We don’t need nitrogen to breathe and ordinarily we don’t think much about it. But it takes nitrogen to make protein—muscle. Most plants take it out of the ground; some plants, like clover and alfalfa and beans, take it out of the air as well and put it back into the ground. Ganymede’s soil was rich in nitrogen; the original scanty atmosphere was partly ammonia—but the day would come when we would have to put the nitrogen back in that we were taking out. So the atmosphere project was now turned to making nitrogen.
This wasn’t as simple as breaking up water; it called for converting stable isotope oxygen-16 into stable isotope nitrogen-14, an energy consuming reaction probably impossible in nature—or so the book said—and long considered theoretically impossible. I hadn’t had any nucleonics beyond high school physics, so I skipped the equations. The real point was, it could be done, in the proper sort of a mass-energy converter, and Ganymede would have nitrogen in her atmosphere by the time her fields were exhausted and had to be replenished.

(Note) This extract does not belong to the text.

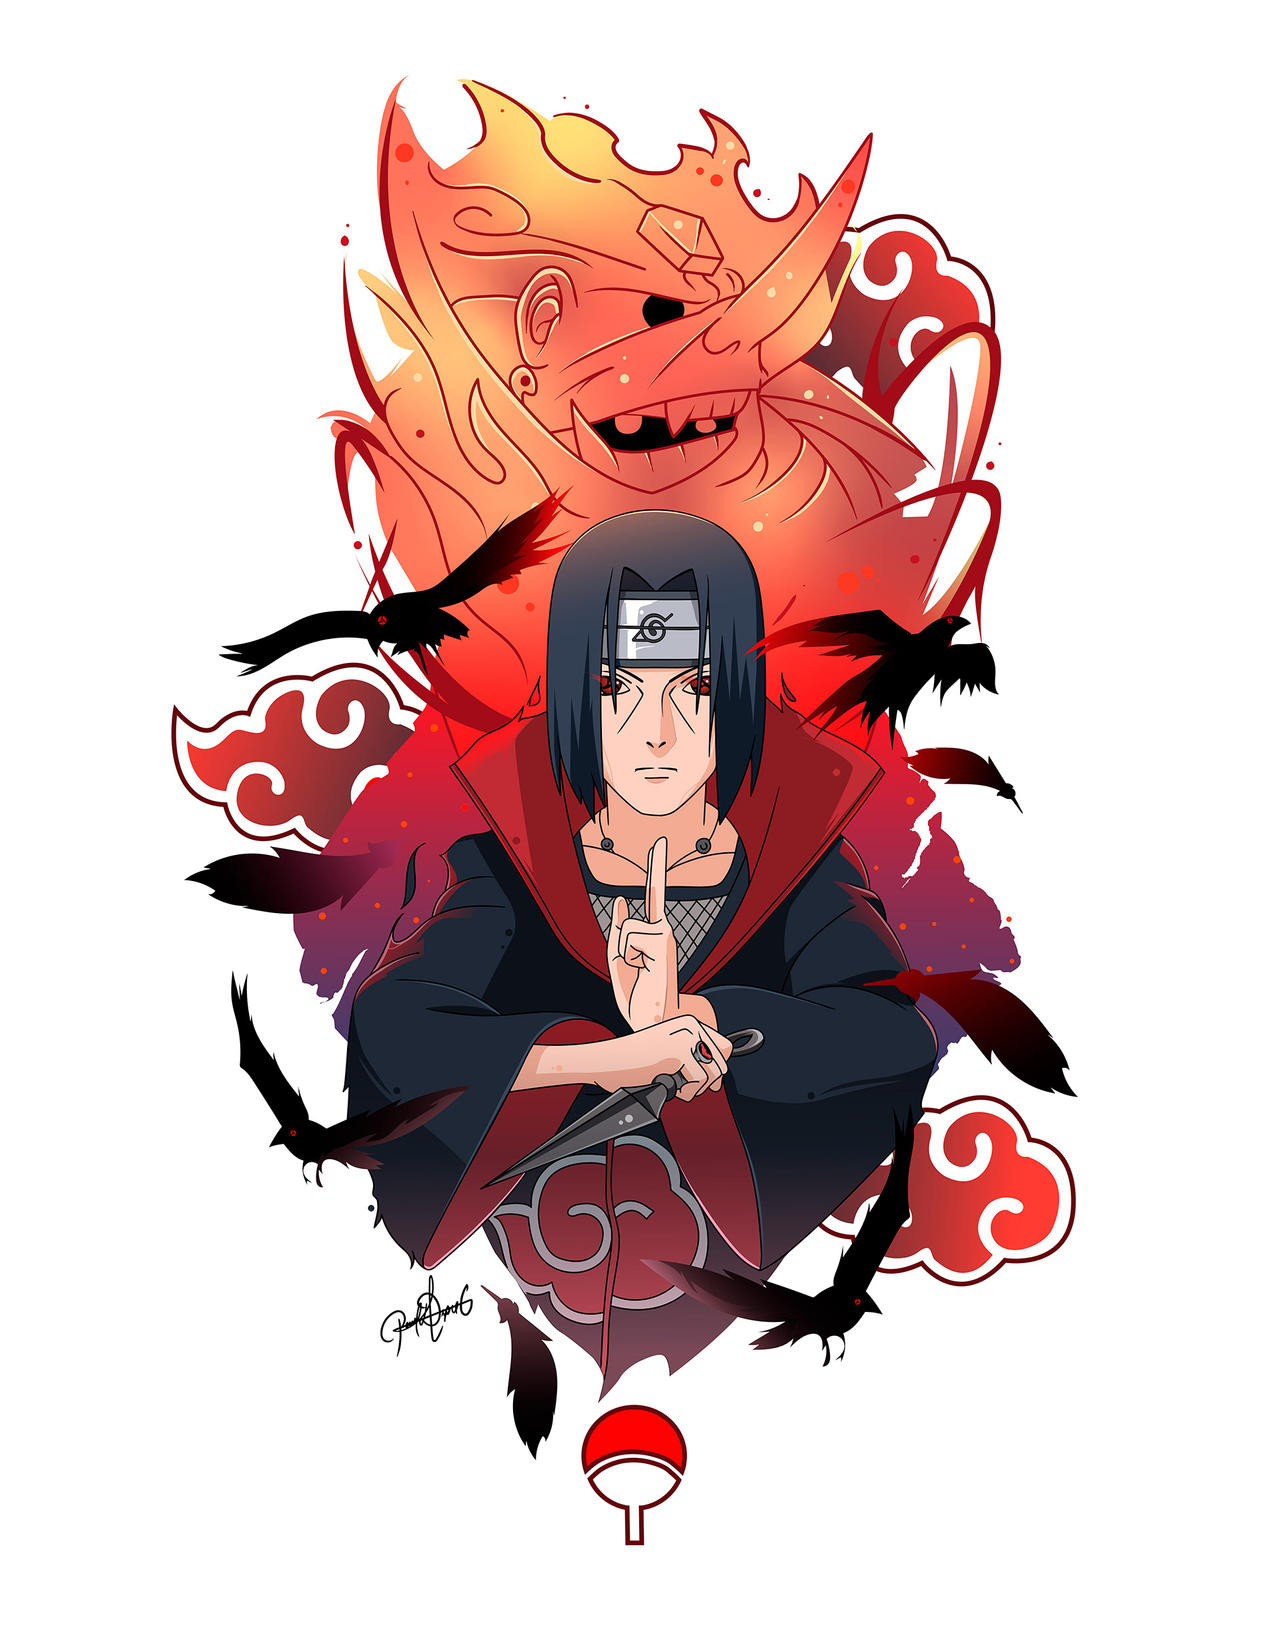 Cool Anime Drawings Naruto by VaskezJr on DeviantArt

Carbon dioxide was no problem; there was dry ice as well as water ice on Ganymede and it had evaporated into the atmosphere long before the first homesteader staked out a claim.
Not that you can start farming with oxygen, carbon dioxide, and a stretch of land. That land was dead. Dead as Christopher Columbus. Bare rock, sterile, no life of any sort—and there never had been any life in it. It’s a far piece from dead rock to rich, warm, black soil crawling with bacteria and earthworms, the sort of soil you have to have to make a crop.
It was the job of the homesteaders to make the soil.
See how involved it gets? Clover, bees, nitrogen, escape speed, power, plant-animal balance, gas laws, compound interest laws, meteorology—a mathematical ecologist has to think of everything and think of it ahead of time. Ecology is explosive; what seems like a minor and harmless invasion can change the whole balance. Everybody has heard of the English sparrow. There was the Australian jack rabbit, too, that darn near ate a continent out of house and home. And the Caribbean mongoose that killed the chickens it was supposed to protect. And the African snail that almost ruined the Pacific west coast before they found a parasite to kill it.
You take a harmless, useful insect, plant, or animal to Ganymede and neglect to bring along its natural enemies and after a couple of seasons you’ll wish you had imported bubonic plague instead.
But that was the chief ecologist’s worry; a farmer’s job was engineering agronomy—making the soil and then growing things in it.
That meant taking whatever you came to—granite boulders melted out of the ice, frozen lava flows, pumice, sand, ancient hardrock—and busting it up into little pieces, grinding the top layers to sand, pulverizing the top few inches to flour, and finally infecting the topmost part with a bit of Mother Earth herself–then nursing what you had to keep it alive and make it spread. It wasn’t easy.
But it was interesting. I forgot all about my original notion of boning up on the subject just to pass a merit badge test. I asked around and found out where I could see the various stages going on and went out and had a look for myself. I spent most of one light phase just looking.
When I got back to town I found that George had been looking for me. “Where in blazes have you been?” he wanted to know.
“Oh, just out and around,” I told him, “seeing how the ‘steaders do things.”
He wanted to know where I had slept and how I had managed to eat? “Bill, it’s all very well to study for your merit badges but that’s no reason to turn into a tramp,” he objected. “I guess I have neglected you lately—I’m sorry.” He stopped and thought for a moment, then went on, “I think you had better enter school here. It’s true they haven’t much for you, but it would be better than running around at loose ends.”
“George?”
“Yes, that’s probably the best-huh?”
“Have you completely given up the idea of home-steading?”